-- What the exercise asks --
Print the data exactly. Omit the pictures.

-- Data provided --

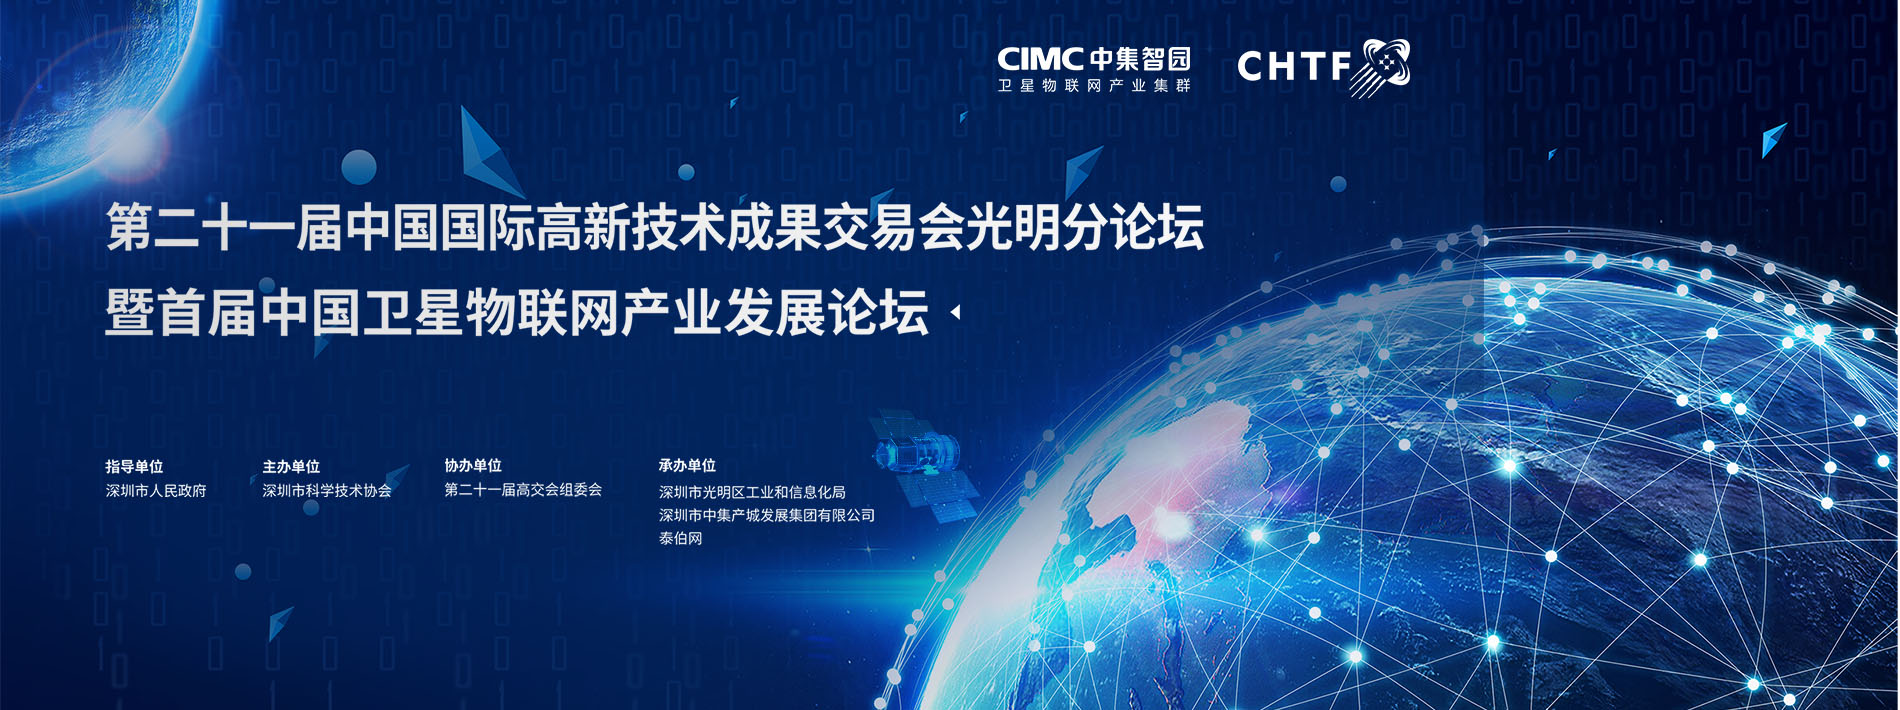 第二十一届中国国际高新技术成果交易会 暨首届中国卫星物联网产业发展论坛
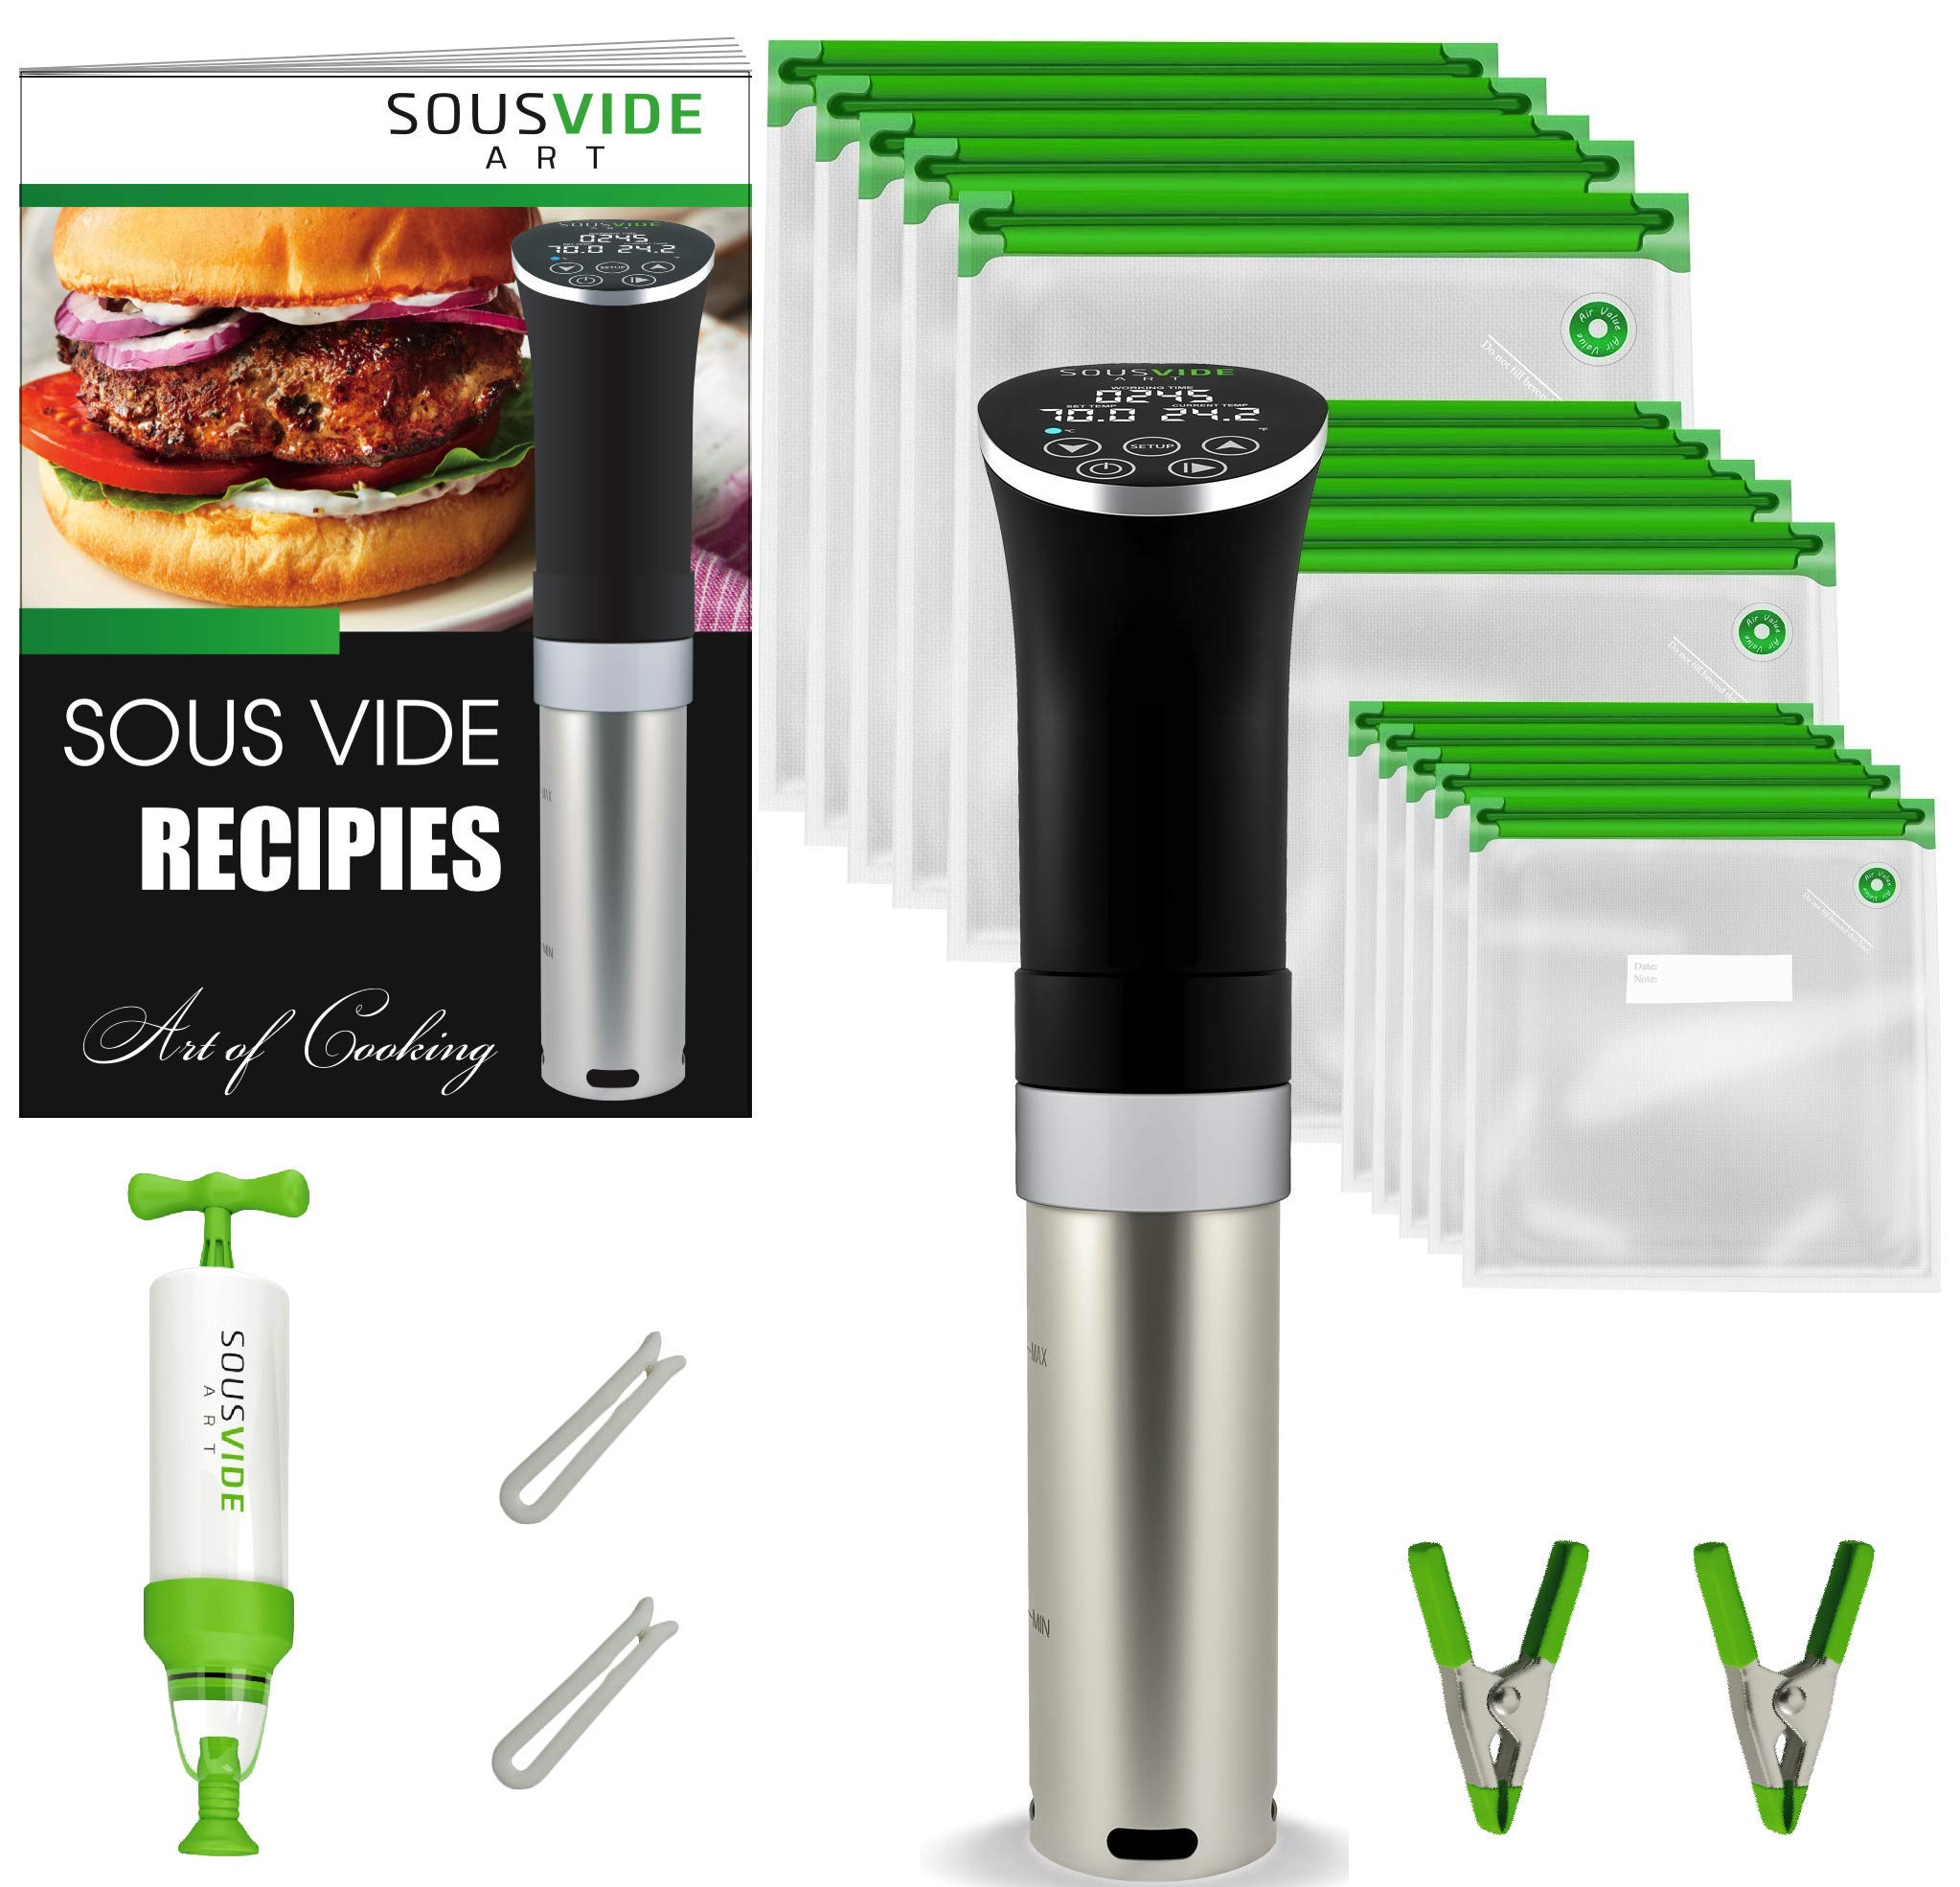 SOUSVIDE ART Cooker Kit
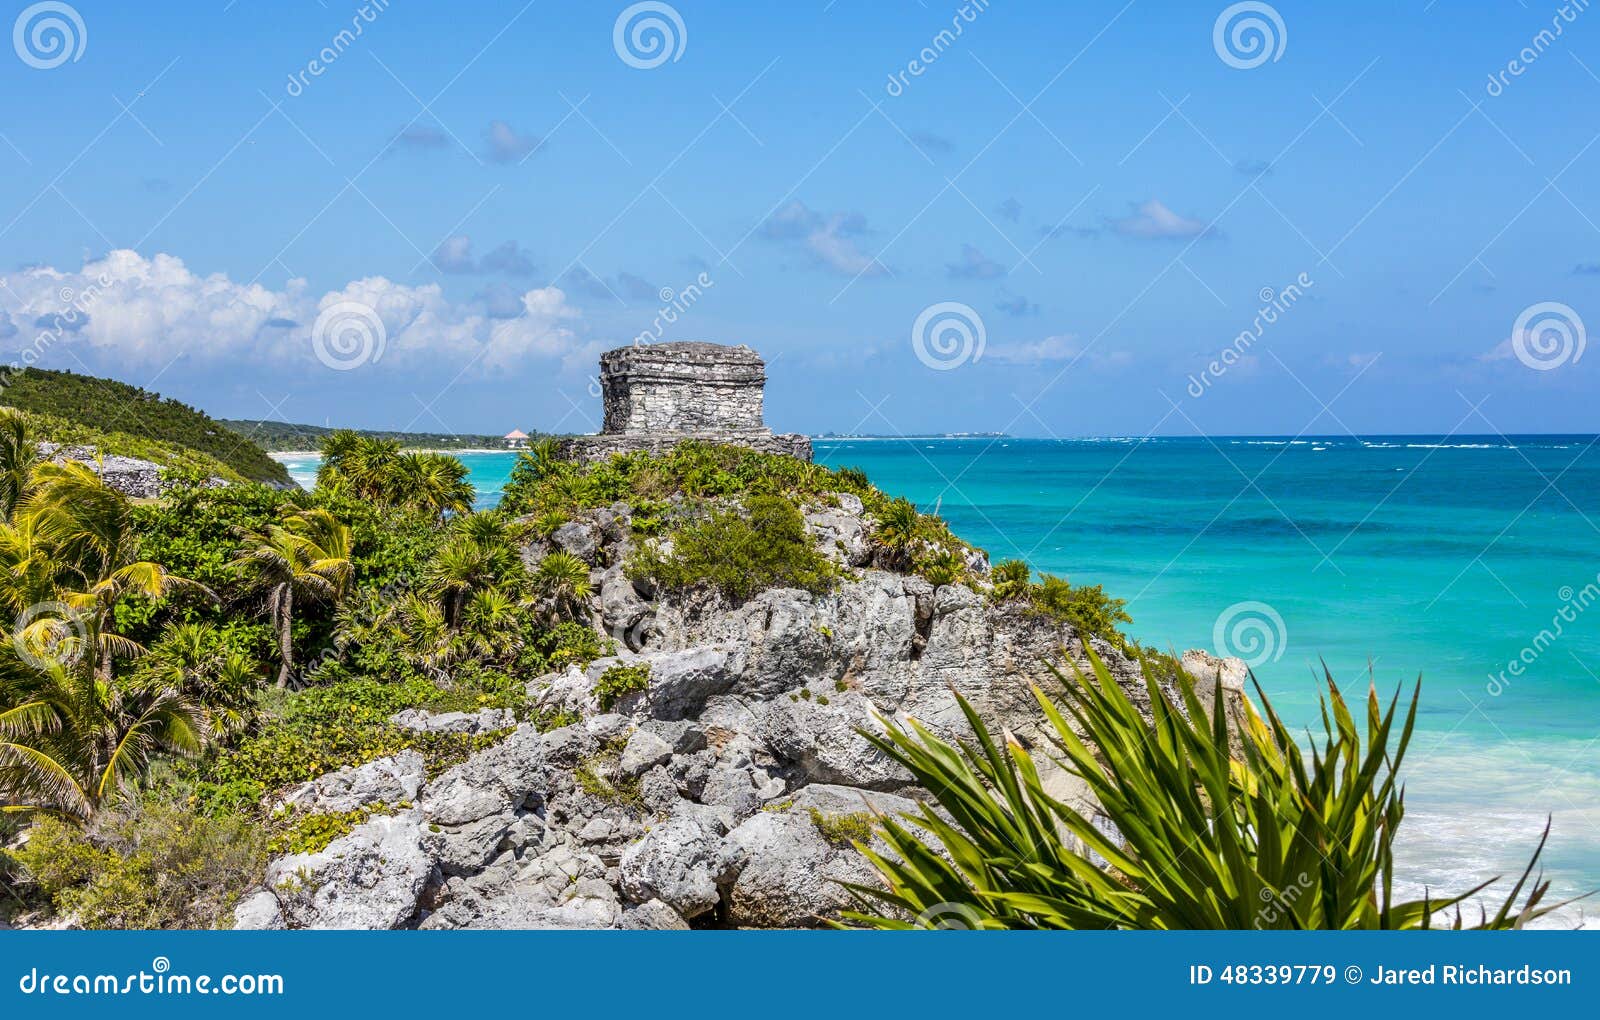 mayan ruin at tulum near playa del carmen, mexico

-- Answer space --
 第二十一届中国国际高新技术成果交易会 暨首届中国卫星物联网产业发展论坛
 SOUSVIDE ART Cooker Kit
 mayan ruin at tulum near playa del carmen, mexico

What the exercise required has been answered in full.